Work to complete: Your answer must be the full listing, word for word, with no images in it.

Input data:
____

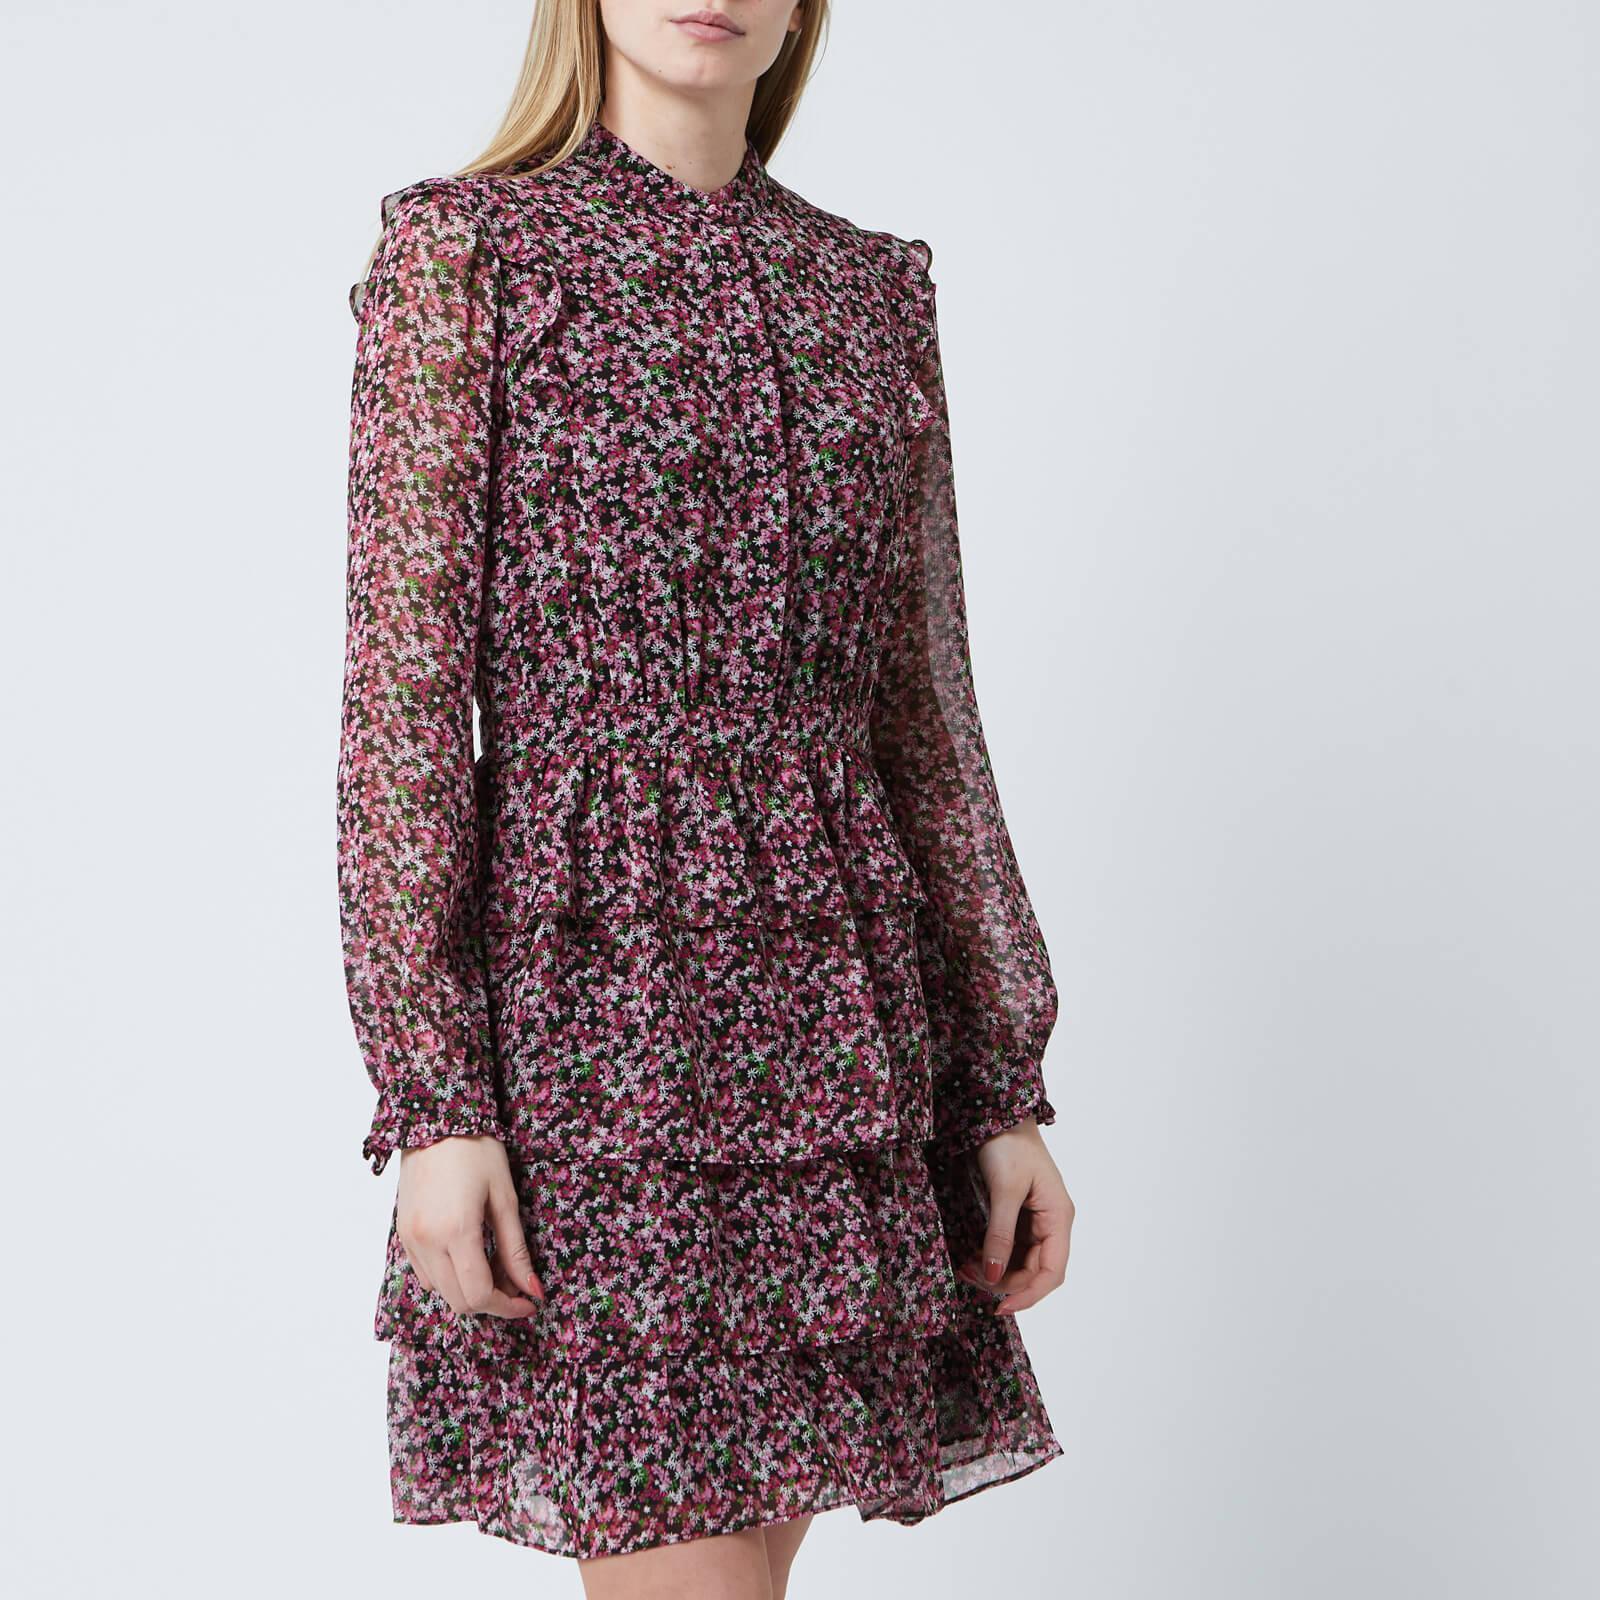 2a0bb475864 MICHAEL MICHAEL KORS Women's Floral Shirt Dress - Black/Electric Pink
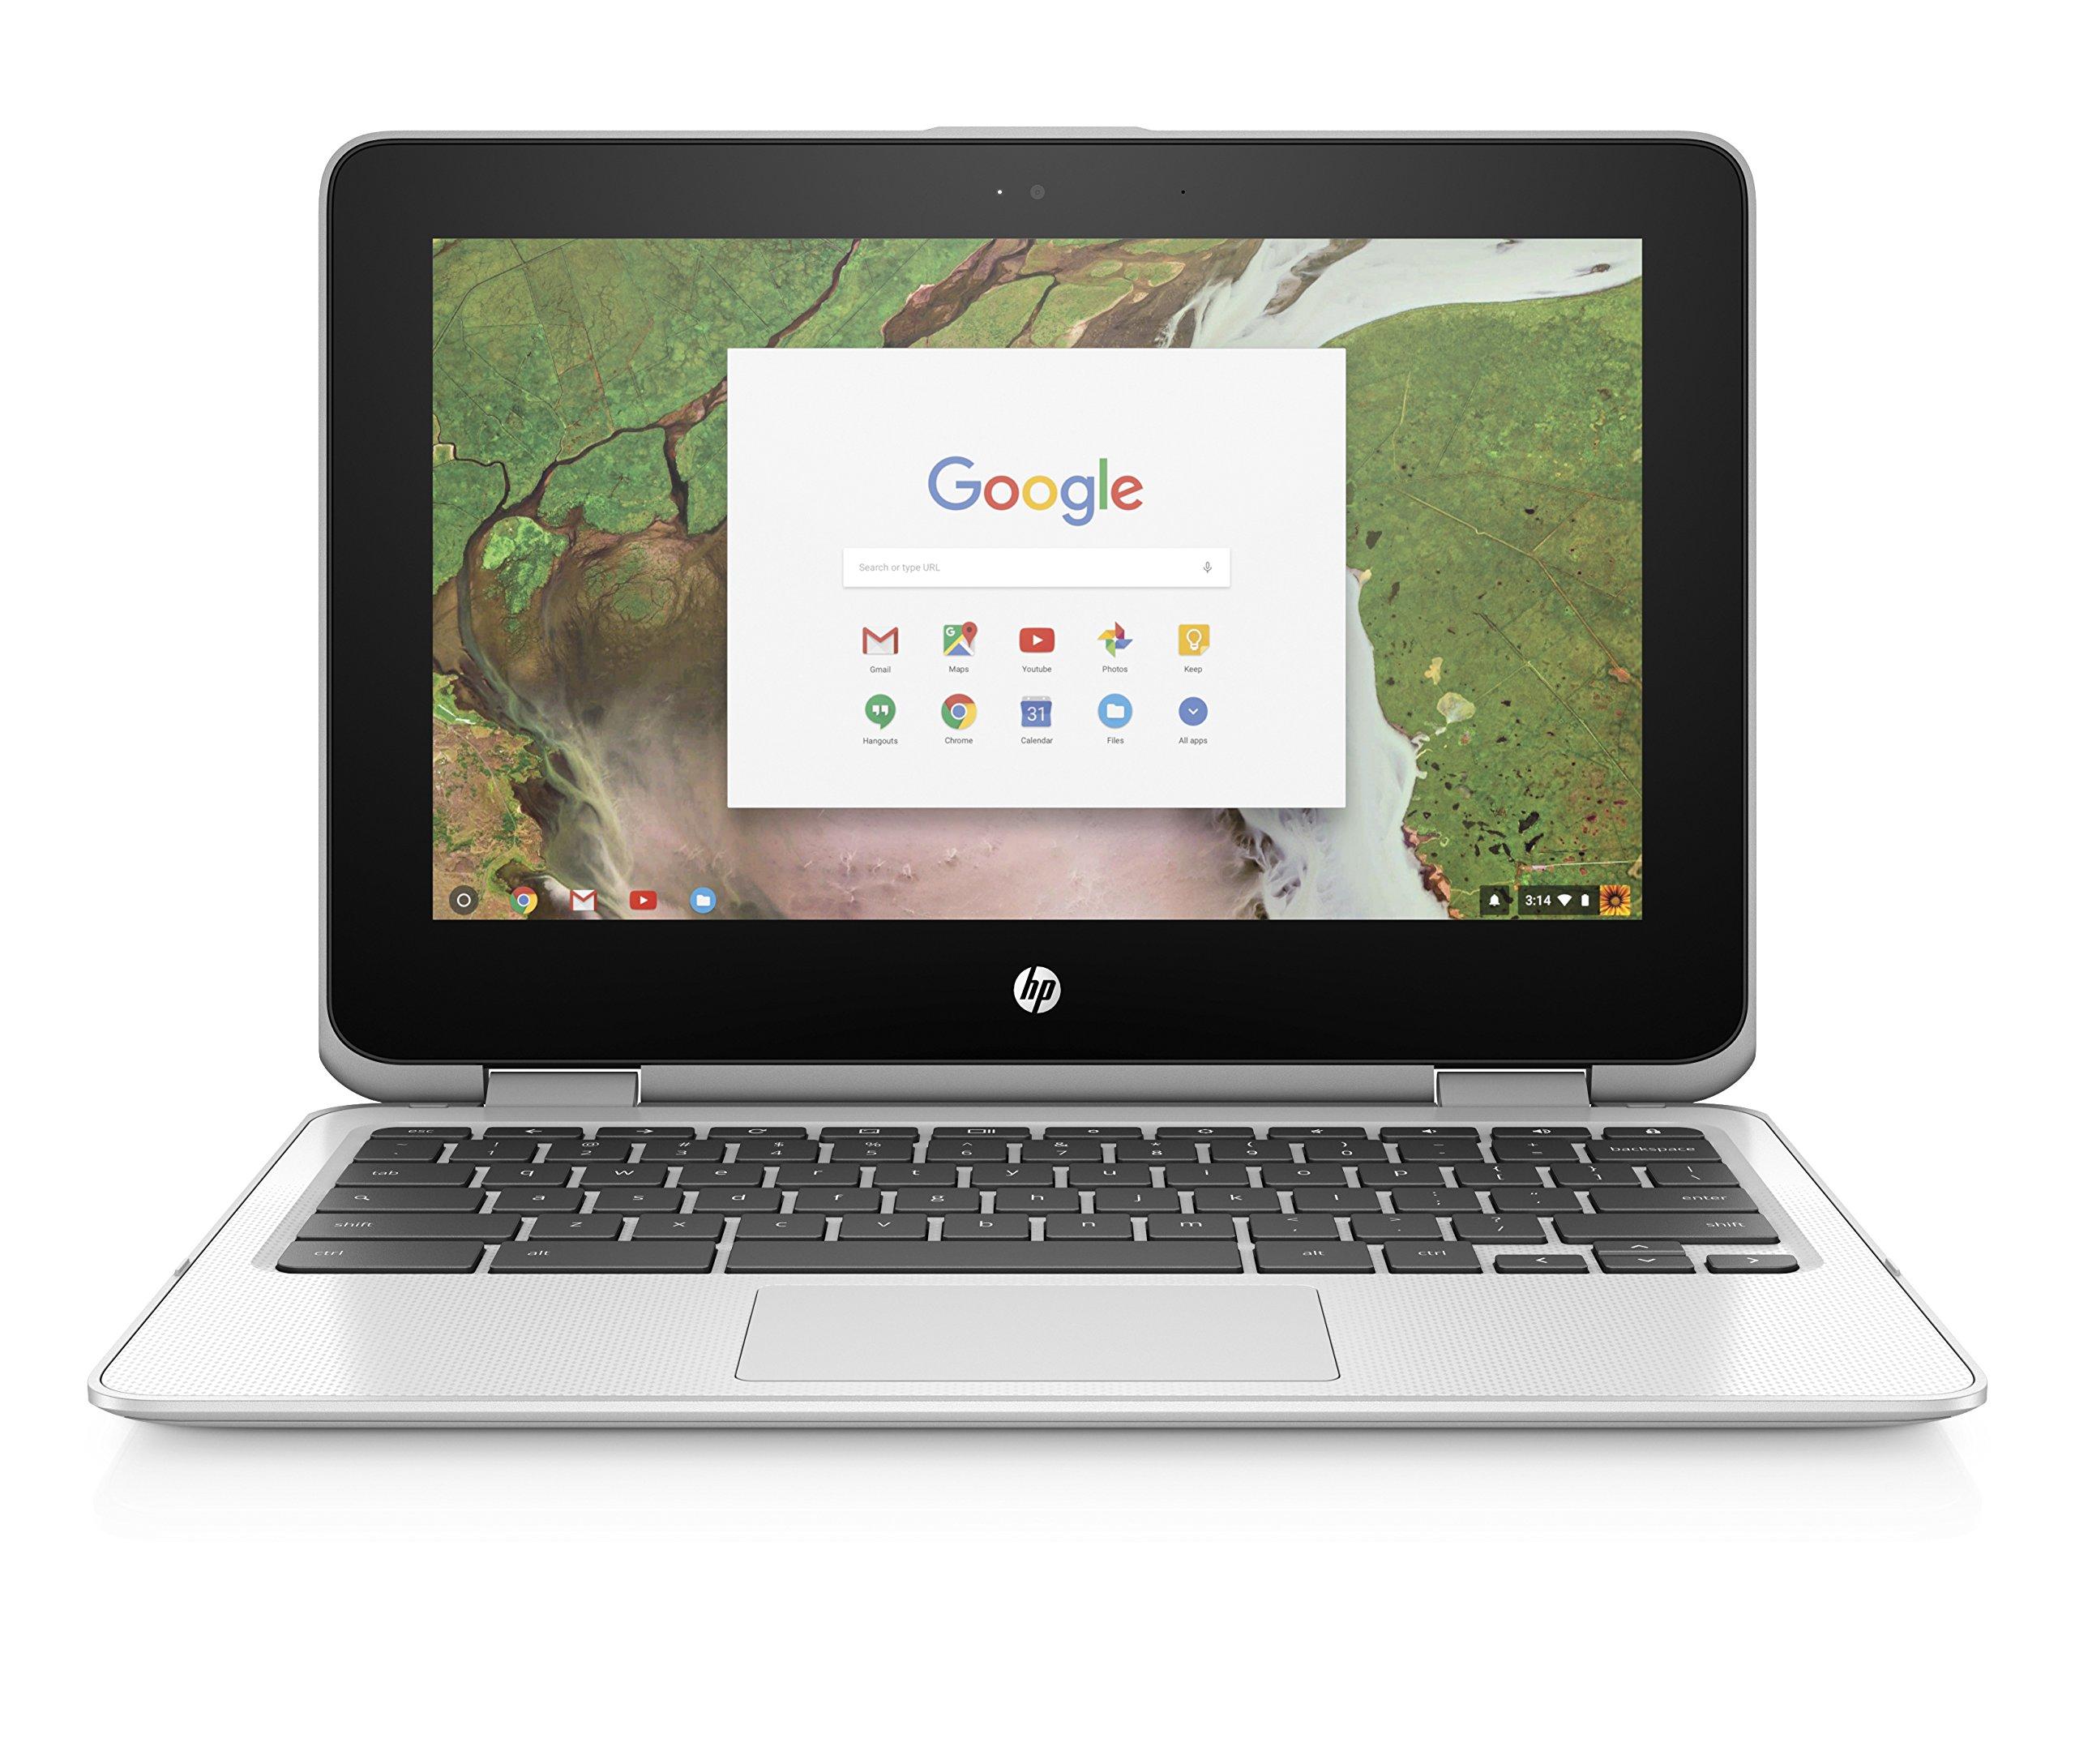 HP Chromebook x360 11-inch Convertible Laptop, Intel Celeron N3350, 4GB RAM, 32GB eMMC storage, Chrome OS (11-ae040nr, White) by HP (Image #1)
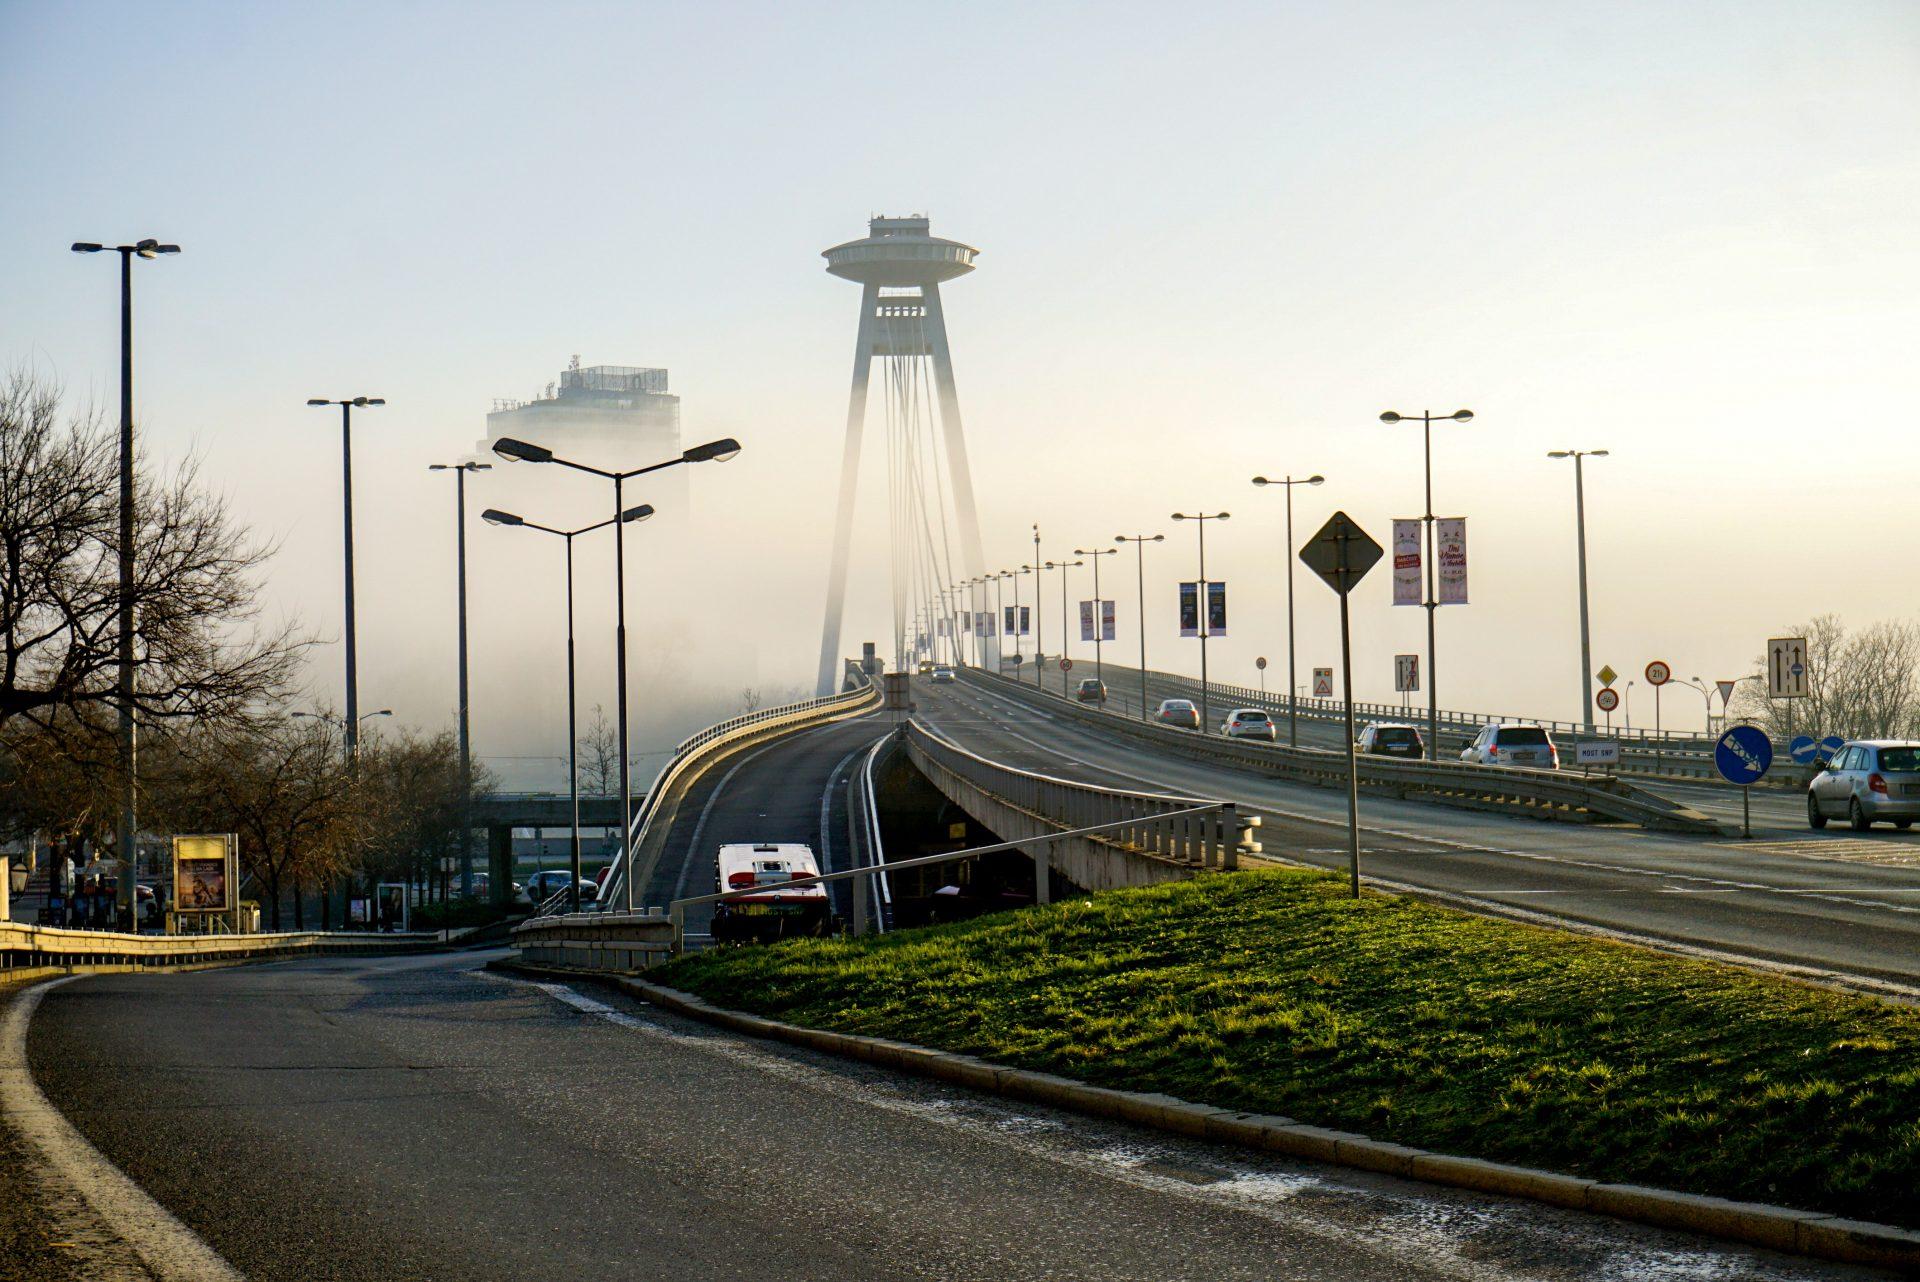 Tower Bratislava Slovakia – Experiencing the Globe

____

Result below:
 2a0bb475864 MICHAEL MICHAEL KORS Women's Floral Shirt Dress - Black/Electric Pink
 HP Chromebook x360 11-inch Convertible Laptop, Intel Celeron N3350, 4GB RAM, 32GB eMMC storage, Chrome OS (11-ae040nr, White) by HP (Image #1)
 Tower Bratislava Slovakia – Experiencing the Globe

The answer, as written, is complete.